Menselijke fysiologie
Les 1:
Hoofdstuk 14: cardiovasculaire fysiologie
1. Omschrijf gedetailleerd de anatomische ligging en de belangrijkste basisfuncties van het hart
In serie geschakeld systeem dat aan de basis staat van het overleven.
- Hart ligt achter borstbeen en ribben (beschermd). hart is omgekeerde kegel wijst
meer naar links
- Omgeven door hartzakje = pericardium (ontsteking = pericarditis)

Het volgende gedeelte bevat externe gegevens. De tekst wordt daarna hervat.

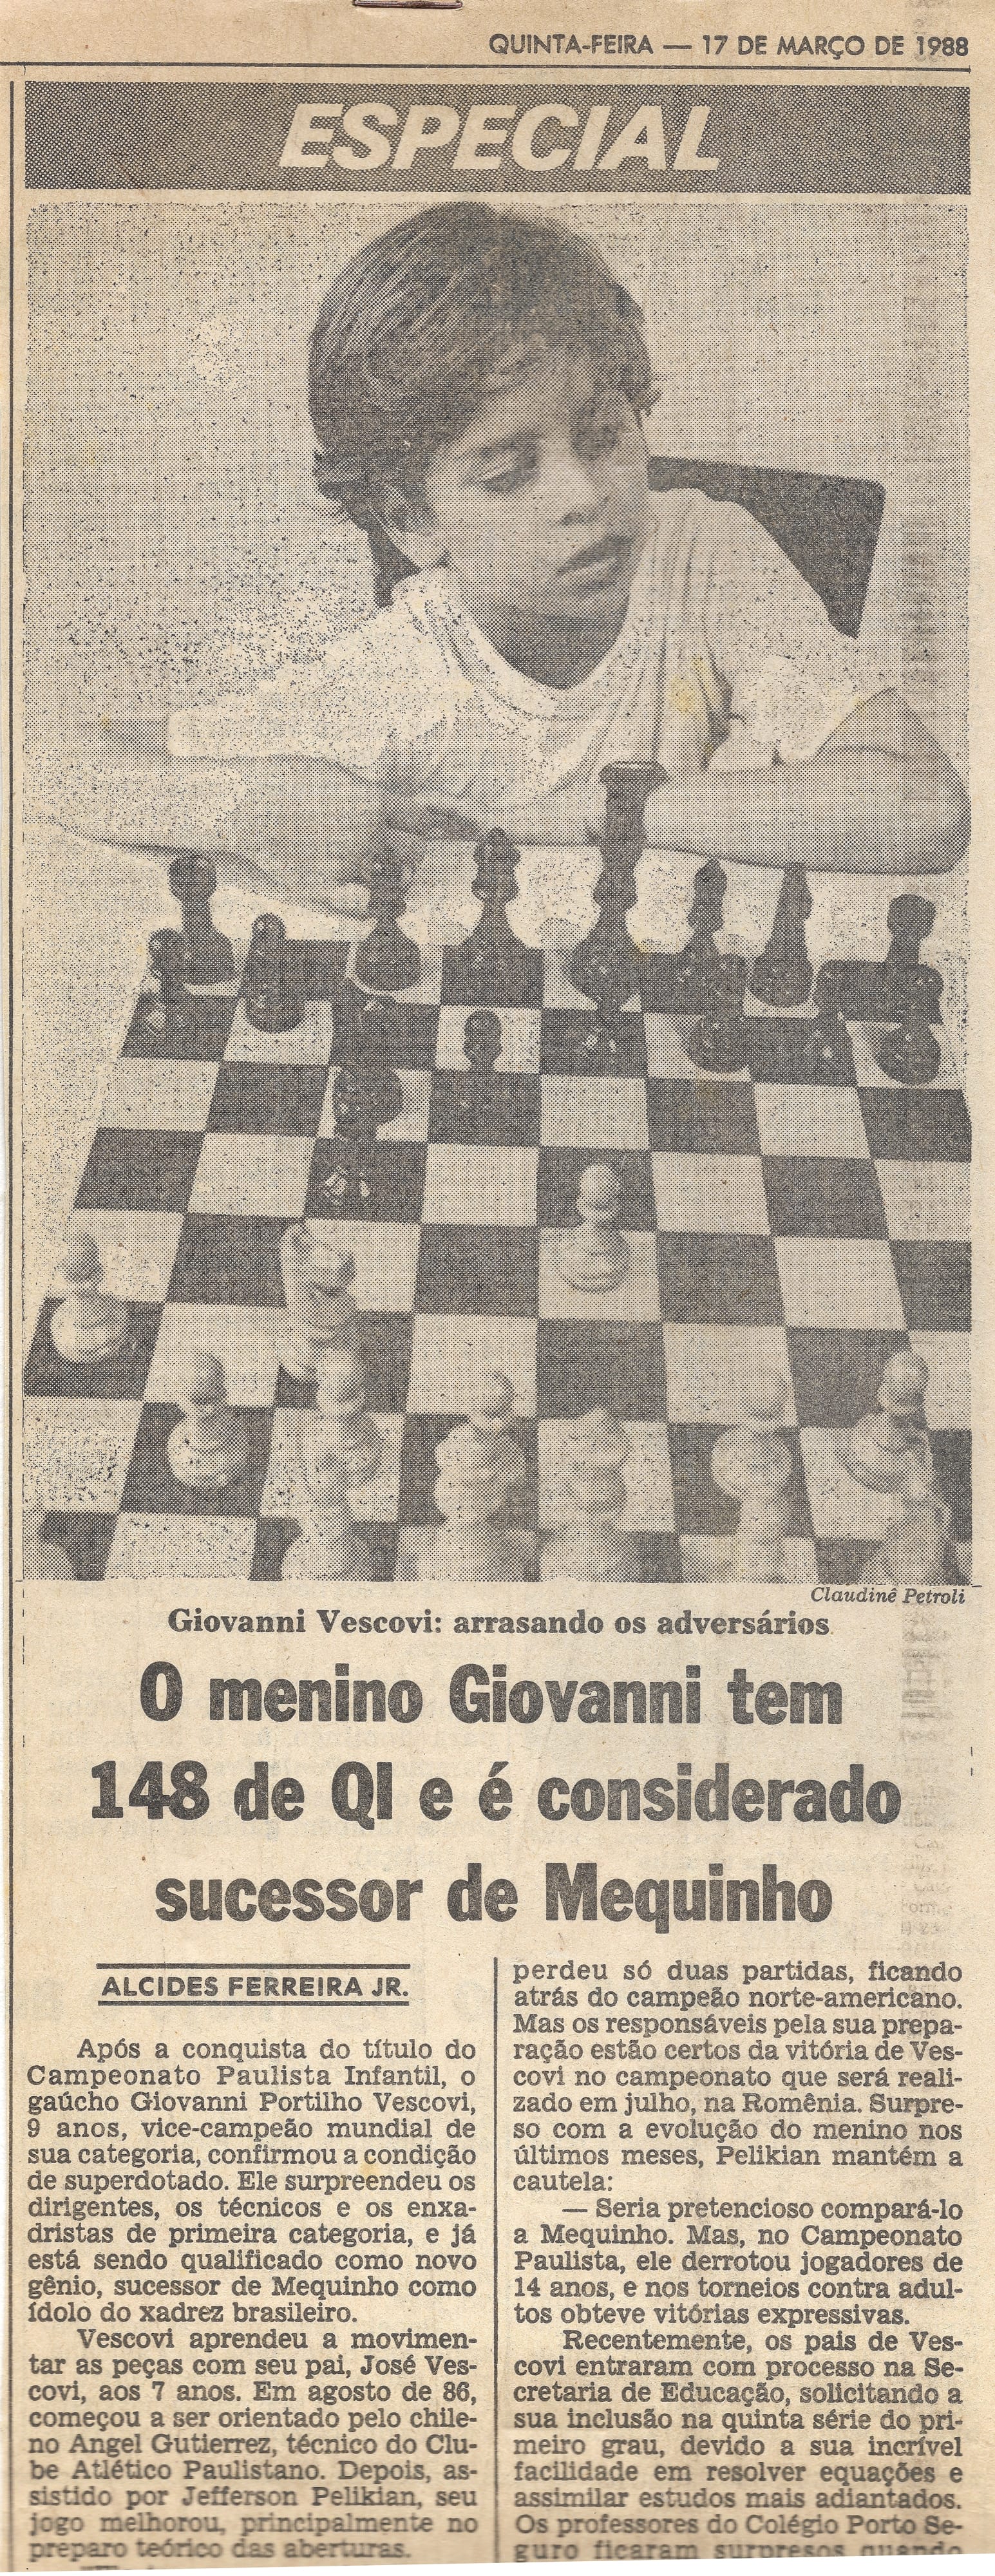 Giovanni Vescovi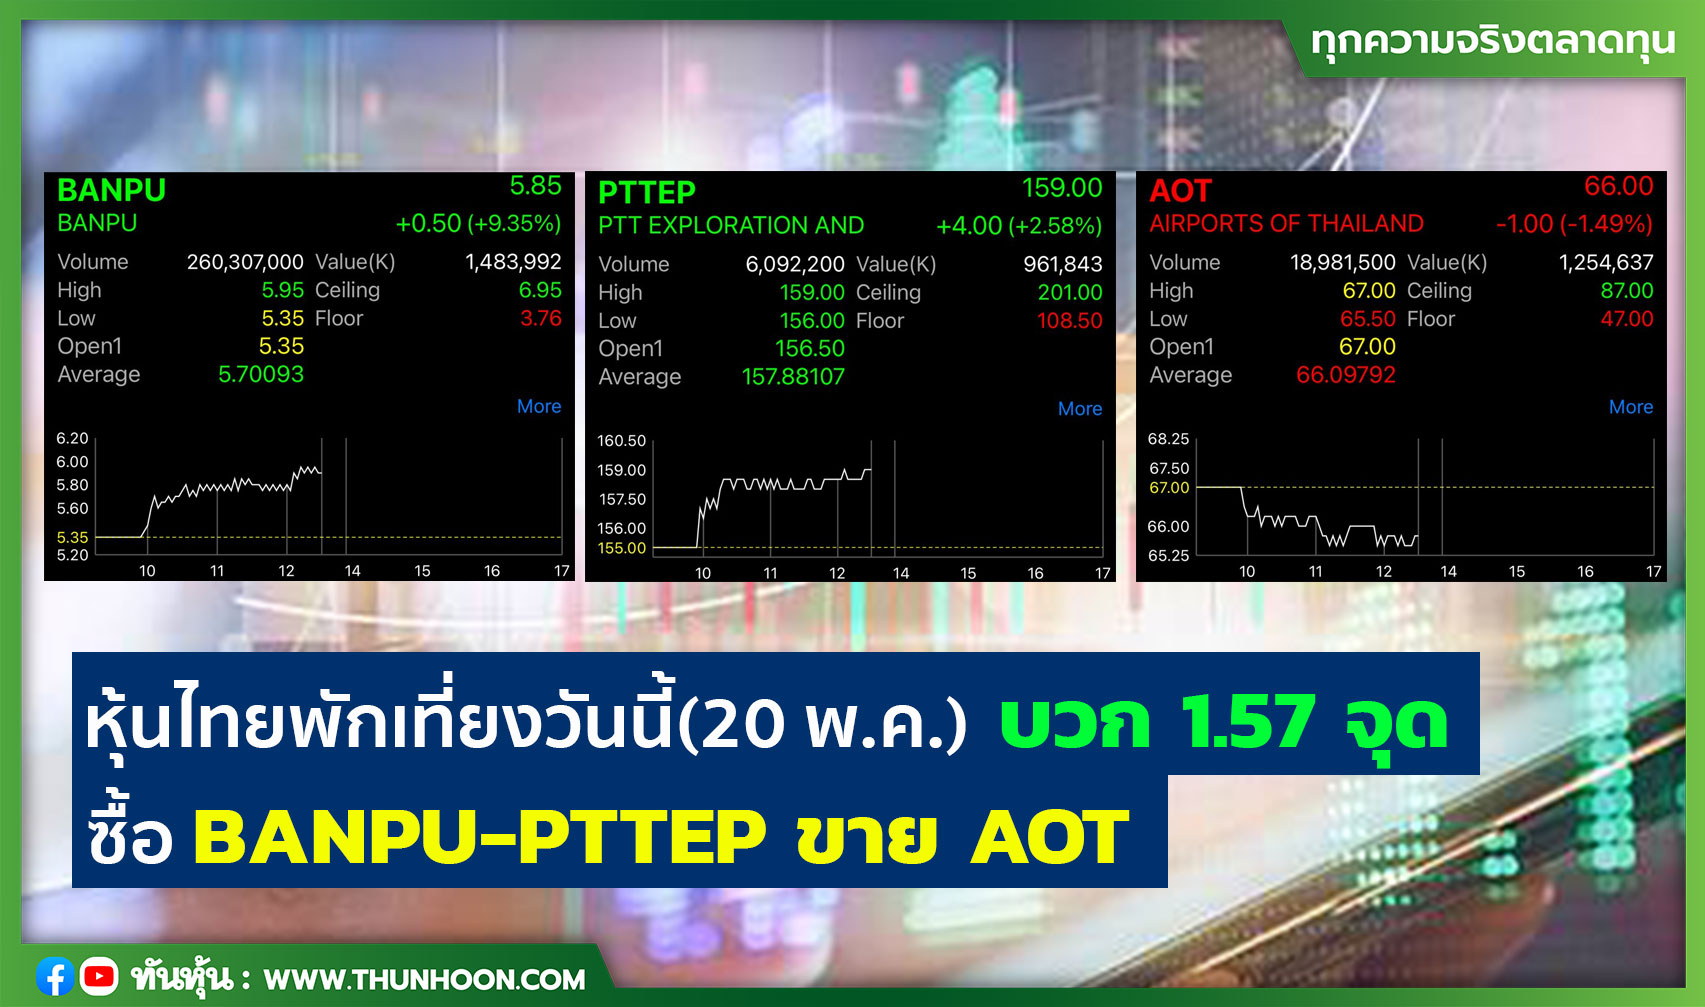 หุ้นไทยพักเที่ยงวันนี้(20 พ.ค.) บวก 1.57 จุด ซื้อ BANPU-PTTEP ขาย AOT

Viscerale laag: rond hart zelf
Pariëtale laag: hartzakje zelf
Vocht tussen beide lagen in
Zorgt voor soepele bewegingen
- Endocardium => binnenbekleding van hart (ontsteking = endocarditis) -> zorgt voor
verminderde werking van bv hartkleppen => groot probleem -> bloed kan ontsteking
meenemen naar overal in het lichaam
- Myocardium => hartspier (myocarditis = ontsteking hartspier) !groot probleem! ->
ten gevolge van virale infectie
Hoofdfunctie: transport nutriënten, water, gassen, afvalstoffen en bio (chemische) signalen
naar alle delen van het lichaam
Arterieel systeem: zuurstofrijk bloed -> bloed van het hart weg
- Aorta
Veneus systeem: zuurstofarm bloed -> bloed van periferie naar hart (opnieuw geoxigeneerd)
- Vena cava inferior
- Vena cava superior
2. Schets de anatomie van het cardiovasculair systeem en beschrijf de weg die het bloed aflegt
vanaf het verlaten van het hart uit de linker ventrikel, naar een bepaald lichaamsonderdeel
(vb. een spier in de voet, de lever, …) tot het terugkeert in de linker ventrikel
Zie dia 20
Circulatie: twee gescheiden systemen die parallel werken.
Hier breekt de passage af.